Start of Dataset extract
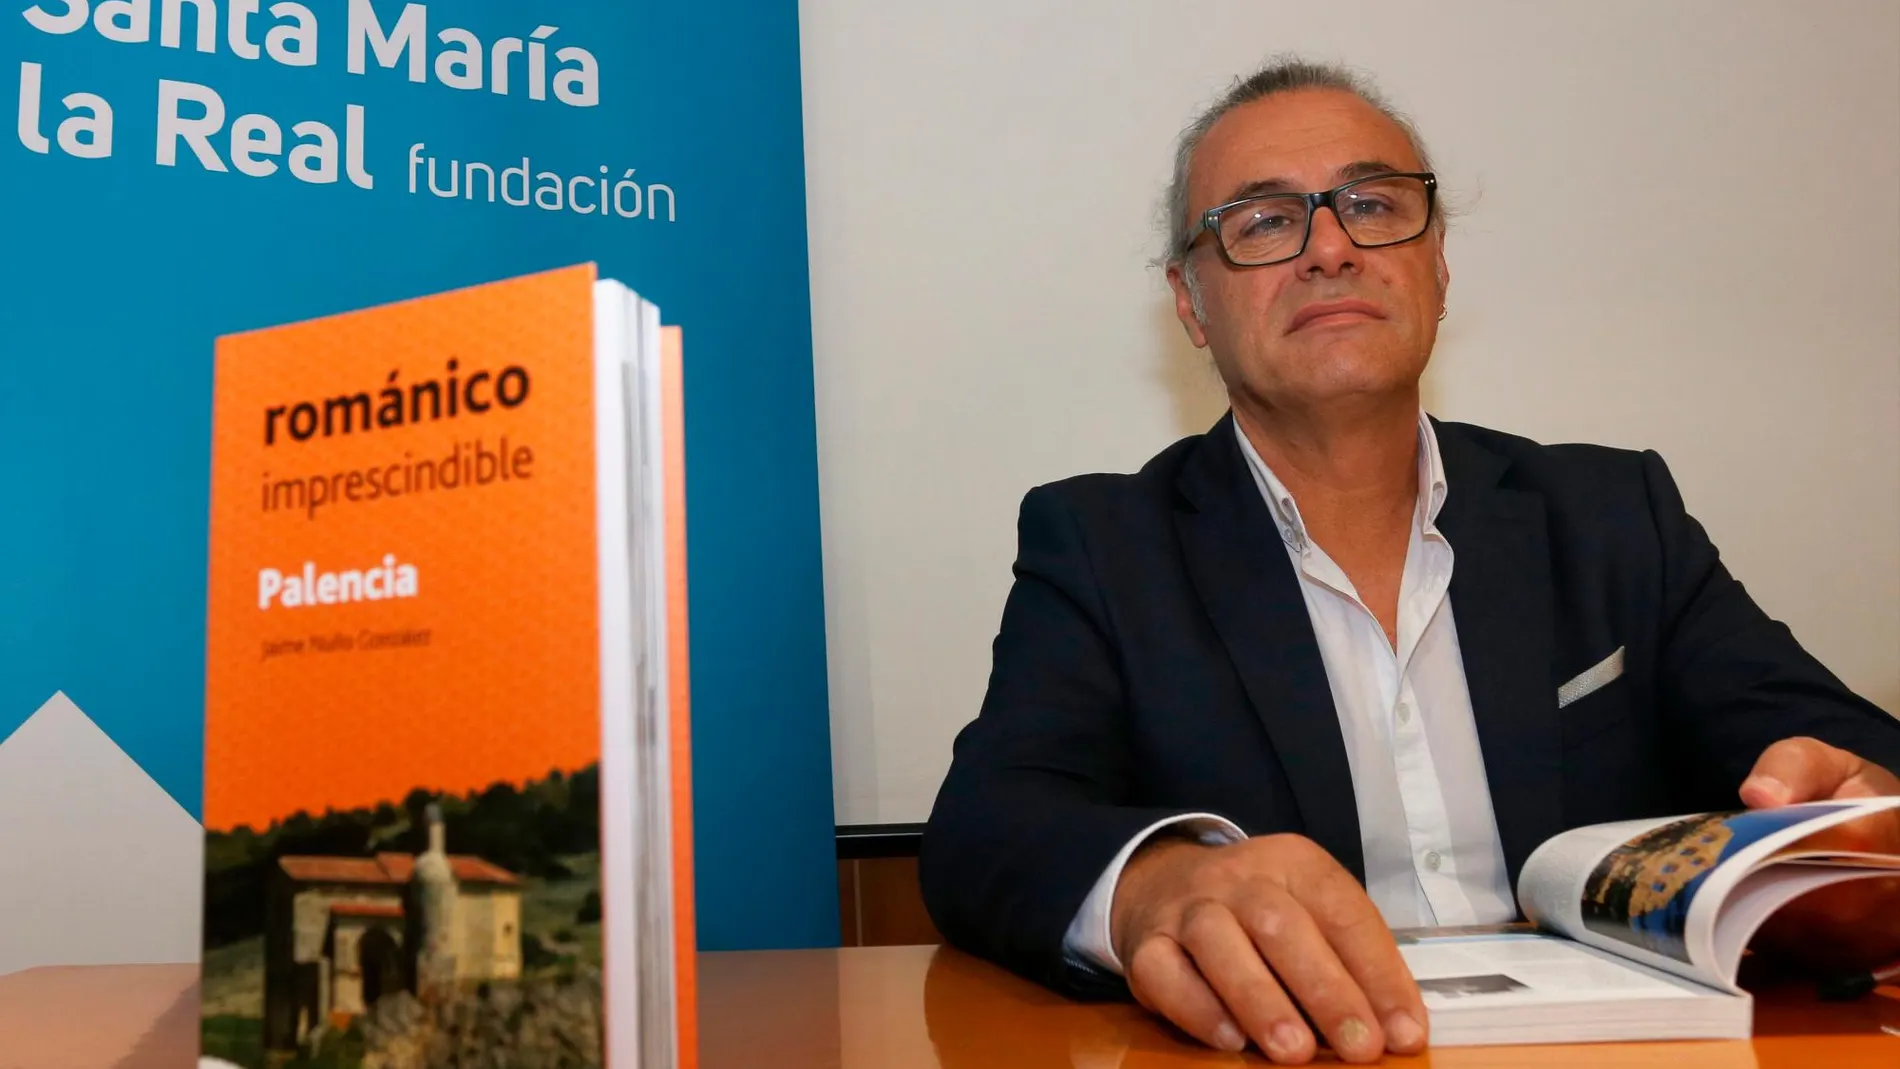 El director del Centro de Estudios del Románico de la Fundación Santa María la Real, Jaime Nuño González presenta la guía
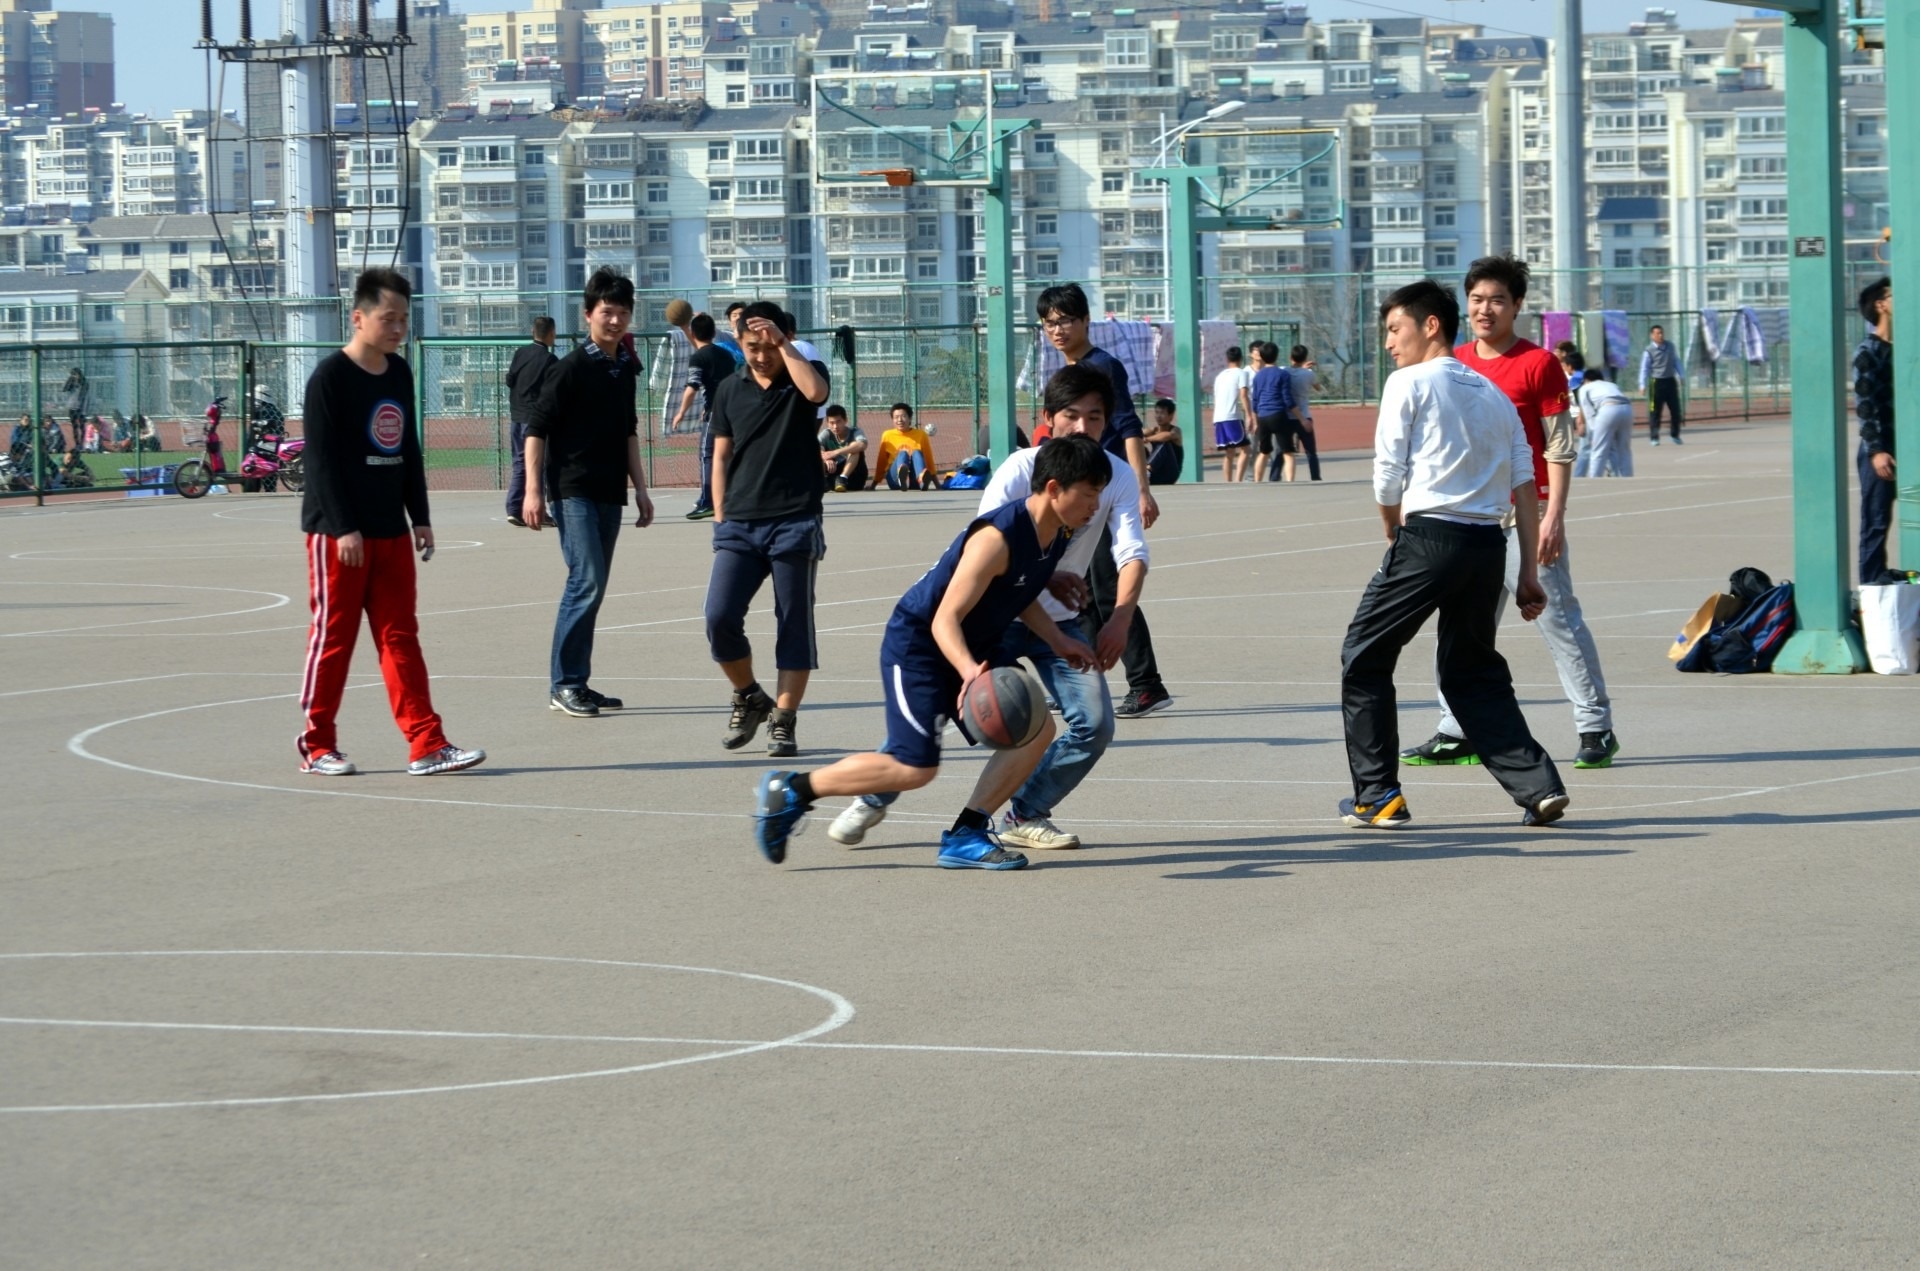 men's basketball match
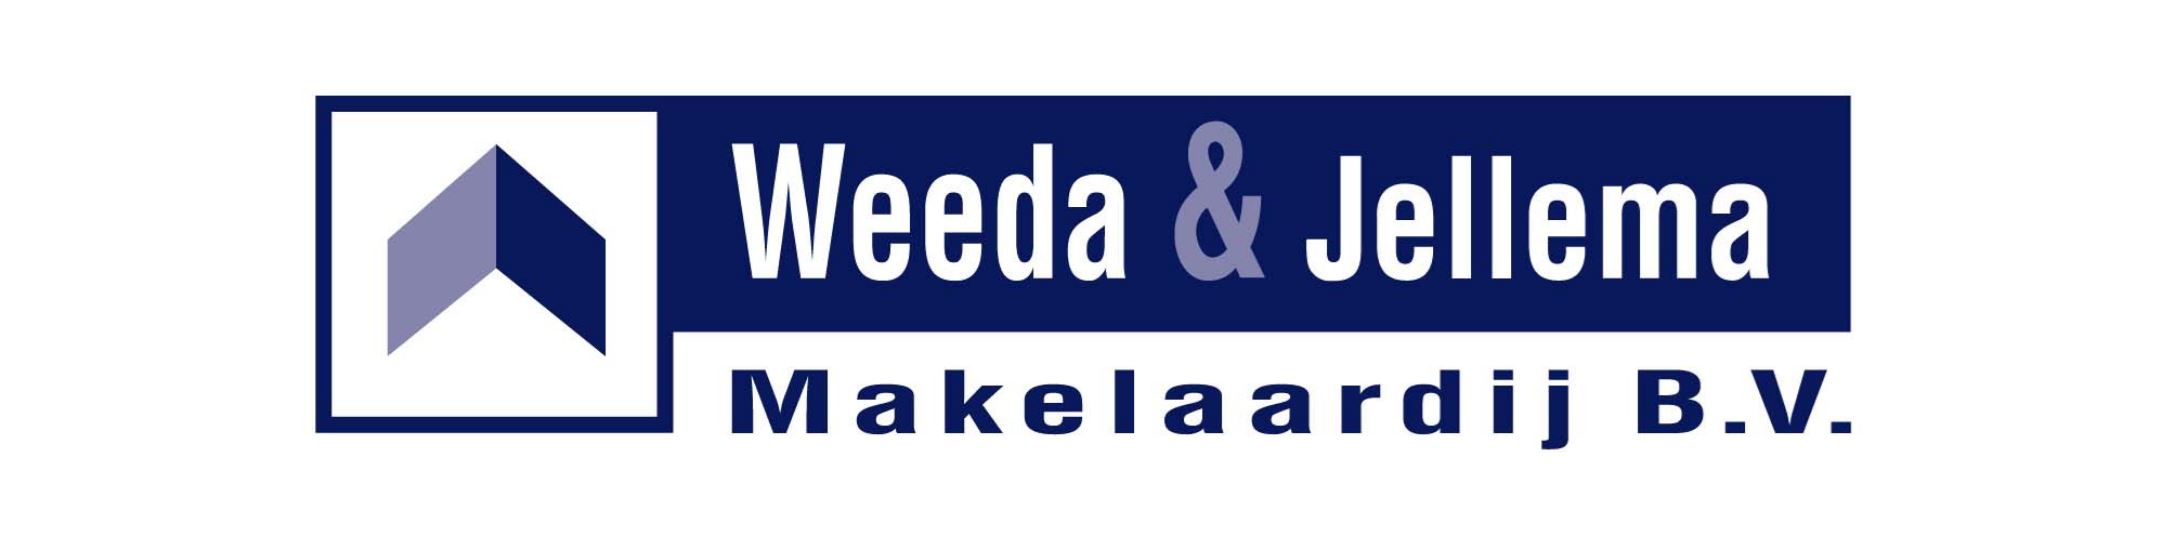 Banner Weeda & Jellema Makelaardij B.V.
End of Dataset extract
What is expected: Go through the listing above and retype each line exactly, apart from the pictures.

Answer section:
 El director del Centro de Estudios del Románico de la Fundación Santa María la Real, Jaime Nuño González presenta la guía
 men's basketball match
 Banner Weeda & Jellema Makelaardij B.V.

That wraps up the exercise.